Jawa Timur Siaga Bencana, Sekdaprov Tekankan Sinergi Lintas Daerah dan Efisiensi Anggaran

KANALSATU - Sekretaris Daerah Provinsi Jawa Timur Adhy Karyono mengajak seluruh pemerintah daerah memperkuat sinergi lintas sektor, membangun budaya antisipatif, dan mengoptimalkan tata kelola anggaran kebencanaan secara efektif serta efisien menjelang potensi bencana tahun 2026.
Ajakan ini disampaikan dalam Rapat Koordinasi Kedaruratan dan Logistik bertema “Sinergi Kebijakan dan Strategi Pelaksanaan Kedaruratan Bencana melalui Optimalisasi Anggaran 2026” di Surabaya.
“Forum ini bukan sekadar diskusi, tetapi momentum menyusun orkestrasi kerja kebencanaan Jawa Timur yang lebih presisi, kolaboratif, dan berdampak nyata,” ujar Adhy.
Ia menegaskan, Jawa Timur kini menghadapi puncak musim hujan disertai potensi cuaca ekstrem sebagaimana peringatan BMKG. Kondisi ini meningkatkan risiko bencana hidrometeorologi seperti banjir, longsor, angin puting beliung, dan banjir rob di pesisir.
Karena itu, seluruh daerah harus siap siaga dan tidak sekadar menunggu bencana terjadi.
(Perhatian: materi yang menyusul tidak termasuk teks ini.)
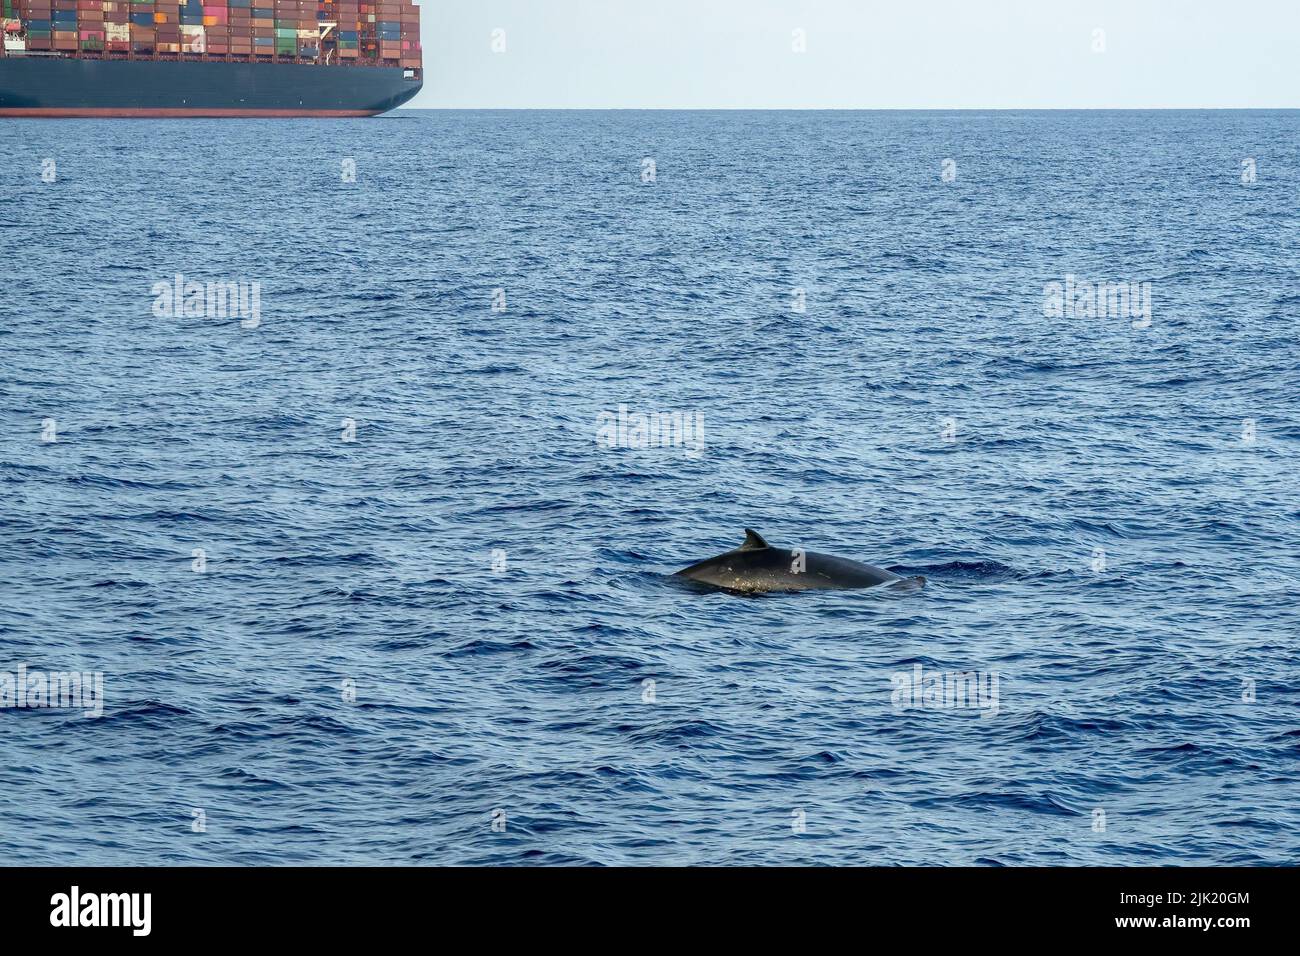 Cuvier beaked whale on sea surface near container ship Stock Photo

Adhy menginstruksikan agar setiap kabupaten/kota segera mengaktifkan posko kesiapsiagaan 24 jam dan memastikan sistem pelaporan cepat yang terhubung langsung ke provinsi.
Ia juga meminta Dinas Pekerjaan Umum melakukan inspeksi drainase, normalisasi sungai, serta pemeriksaan tanggul-tanggul kritis untuk mencegah banjir.
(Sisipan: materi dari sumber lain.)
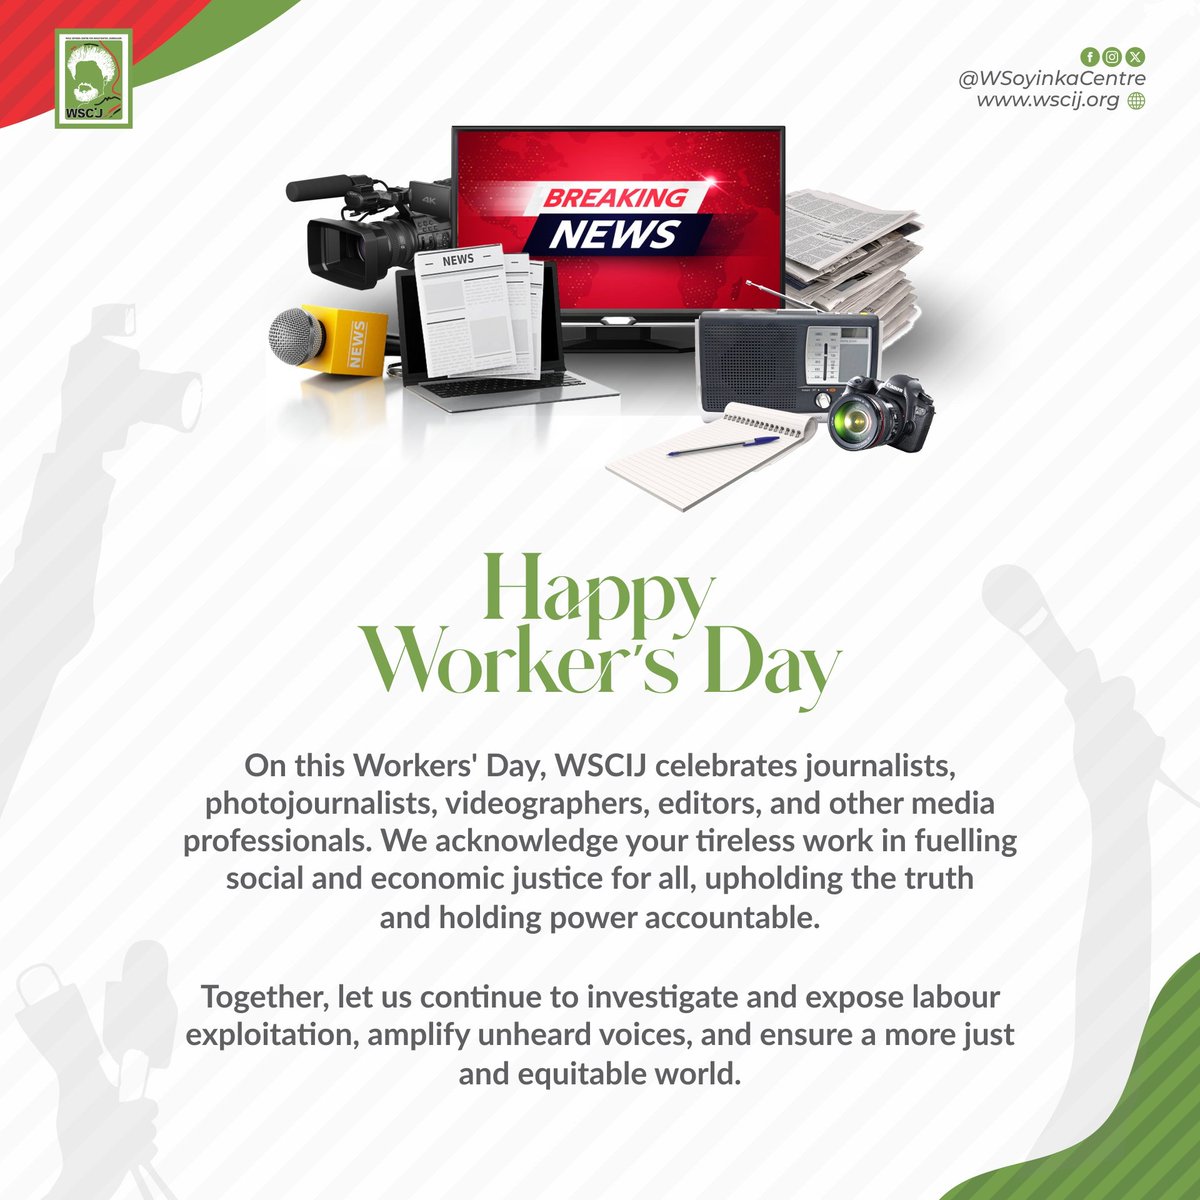 Happy Workers Day!

Selain itu, Dinas Sosial dan BPBD diminta memastikan ketersediaan logistik dasar di titik-titik strategis, sementara para Sekda kabupaten/kota harus memimpin langsung koordinasi kesiapsiagaan di wilayahnya.
Adhy juga menegaskan pentingnya aparatur di semua tingkatan memahami rencana kontinjensi, memetakan jalur evakuasi, dan menyiapkan titik pengungsian yang layak sesuai protokol kesehatan.
Ia menambahkan, sistem peringatan dini atau Early Warning System harus berfungsi optimal dan mudah dipahami masyarakat. “Masyarakat harus tahu langkah apa yang harus dilakukan ketika alarm berbunyi. Libatkan relawan seperti TAGANA dan DESTANA untuk sosialisasi,” katanya.
Lebih lanjut, Adhy menyoroti pentingnya memperkuat sinergi pentahelix antara pemerintah, akademisi, dunia usaha, media, dan masyarakat dalam upaya mitigasi dan respons kebencanaan.
Berkat kolaborasi ini, Indeks Risiko Bencana (IRB) Jawa Timur menurun hingga 95,75 pada tahun 2024 dan kini berada pada kategori sedang.
Namun, Adhy mengingatkan bahwa tantangan ke depan semakin berat, terutama dengan adanya penurunan dana transfer dari pemerintah pusat. Karena itu, pengelolaan anggaran kebencanaan harus lebih efisien dan terkoordinasi.
Ia mendorong penerapan collaborative governance melalui perencanaan lintas sektor, joint budgeting, berbagi data secara real time, dan pemanfaatan sumber daya bersama.
“Ini bukan tentang siapa yang paling berwenang, tetapi siapa yang paling cepat memberi solusi dan berpacu dengan waktu untuk menyelamatkan jiwa,” tegasnya.
Menutup arahannya, Adhy mengajak seluruh pihak untuk memperkuat koordinasi dan menghapus ego sektoral. “Mari rapatkan barisan dan buktikan bahwa Jawa Timur tangguh, sigap, dan resilien menghadapi bencana,” pungkasnya.